Why a trio of articles on tribes + fire = essential reading

A devastating ecological feedback loop. GRAPHIC CREDIT: Jeanine Pfeiffer

Wildfires are a permanent part of the landscape.

Climate change – and a host of “positive” ecological feedback loops (a positive loop is one that is self-reinforcing; a negative loop indicates reactions that move in the opposite direction) – mean that things will only get worse, not better, unless we enact radical changes.

We have always had fire. During our great-great-grandparents’ era, the fires were largely set, and managed, by experts. Indigenous experts throughout the world, on every continent – the Americas, Africa, Eurasia, Australia – used fire to renew the soil, improve gathering and hunting grounds, and reduce pest and fuel loads.

Aboriginal elders taught youngers. Bushmen taught other bushmen. First Nations managed vast territories of woodlands and wetlands using fire.

Then our EuroAmerican great-grandparents – our ignorant, domineering great-grandaddies – threw every system they touched out of whack.

Their persistent failures: their collective inability to be open-minded or humble or to adopt sustainable resource management techniques or even practice basic human decency towards peoples who didn’t look or speak like they did, wrecked entire cultures and cultural landscapes everywhere they went.

Aftermath of the Windy Fire on the Tule River Reservation. PHOTO CREDIT: Jeanine Pfeiffer

We are still paying a very high price for that history.

Our best change for turning things around involves the very people who paid the highest price: the First Peoples whose lives were lost, livelihoods and lands and waters and communities were decimated. Their descendants posses a profoundly essential knowledge base of how, when, and where to set good fires – one that was seriously eroded yet still persists.

Most of us have no clue of what good fire means, or how to bring it back.

Unless and until we make a special effort, our ignorance will persist. Everything I know about traditional ecological knowledge I had to teach myself, because at no point in my undergraduate studies (at Boston University) or during my graduate education in ecology (at the University of California) was I required to take a single course on Native history or culture.

Thirty-four years after receiving my first degree, I am beginning to understand what I wish I had grown up knowing. This year I published a trio of articles on tribes and wildfire, and I have a forthcoming piece on indigenous science coming out this Fall.

I write and share these articles in the hopes that more of us will educate ourselves and demand policy changes.

Every voice matters. It doesn’t matter where you are starting from – only that you start.

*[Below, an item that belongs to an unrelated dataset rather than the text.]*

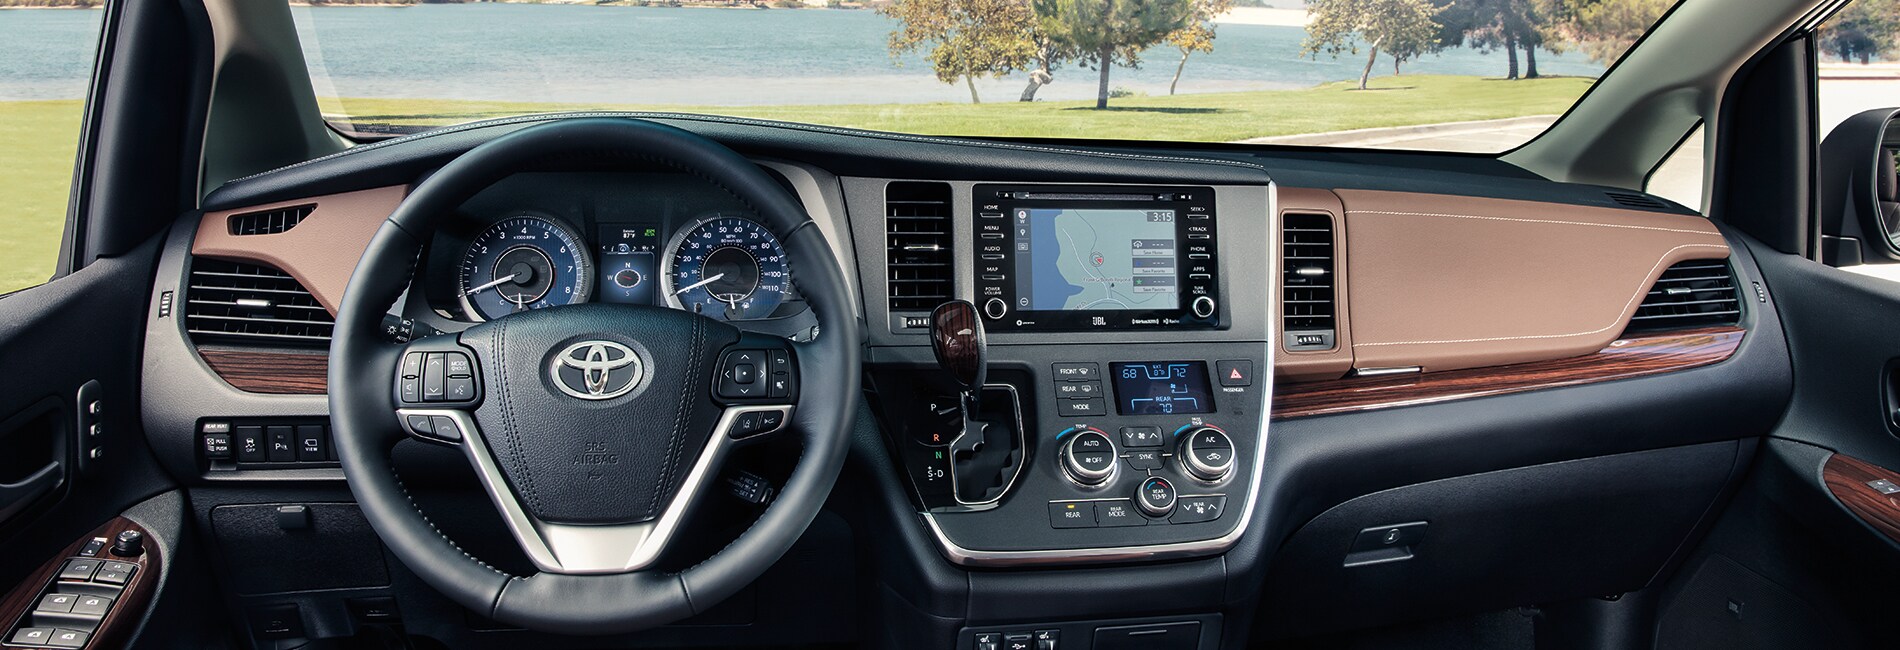 Toyota Sienna Interior Vehicle Features

These articles – and the hyperlinks contained within – provide a thorough introduction. Together with my editors, I worked on each one for 4-10 months so that readers could absorb a tremendous amount of information in only a few minutes.


Pfeiffer, J. 2022. “Wildfire Management and Recovery on Tribal Complicated by Policy Inequities.” KCET News/PBS SoCal, August 18, 2022.

Pfeiffer, J. 2022. “Forests in the American West Need More ‘Good Fire.’ Tribes Can Help.” Slate – Future Tense, July 27, 2022.

Pfeiffer, J. 2021. “California Tribe Support Each Other and Seek More Inclusion in Wildfire Response,” KCET News/PBS SoCal, October 21, 2021.


Tule River Tribe staff, consultants, and colleagues. PHOTO CREDIT: Jeanine Pfeiffer

HOW TO HELP:

  1. Share the article links widely.
  2. If you belong to an environmental organization, or a birding or fishing or hunting group, discuss the articles with other members, and ask your organizational leadership to invite speakers from local tribes and tribal communities for future meetings.
  3. If your local fire department or firesafe council or state park or national park staff have not developed collaborative relationships with resident tribes and tribal communities, now is the time. You can help by courteously, persistently, assisting with building bridges between agencies and Native peoples. (Yes, given that we’re operating about 120 years behind, the process may take years. The sooner we begin, the sooner we get to where we need to be.)

Climate change is outpacing our capacity to successfully address catastrophic wildfires and protect the most vulnerable among us. Our elders are dying while trying to escape fires that move faster than they can get their garage doors or electric gates to open. Over half of the 86 Paradise residents who died when their town was wiped off the map were seniors or disabled people or folks without cars.

We must work together: the severity of the problem requires all hands on deck.

We got ourselves into this mess: we are the only people who can get ourselves out of it.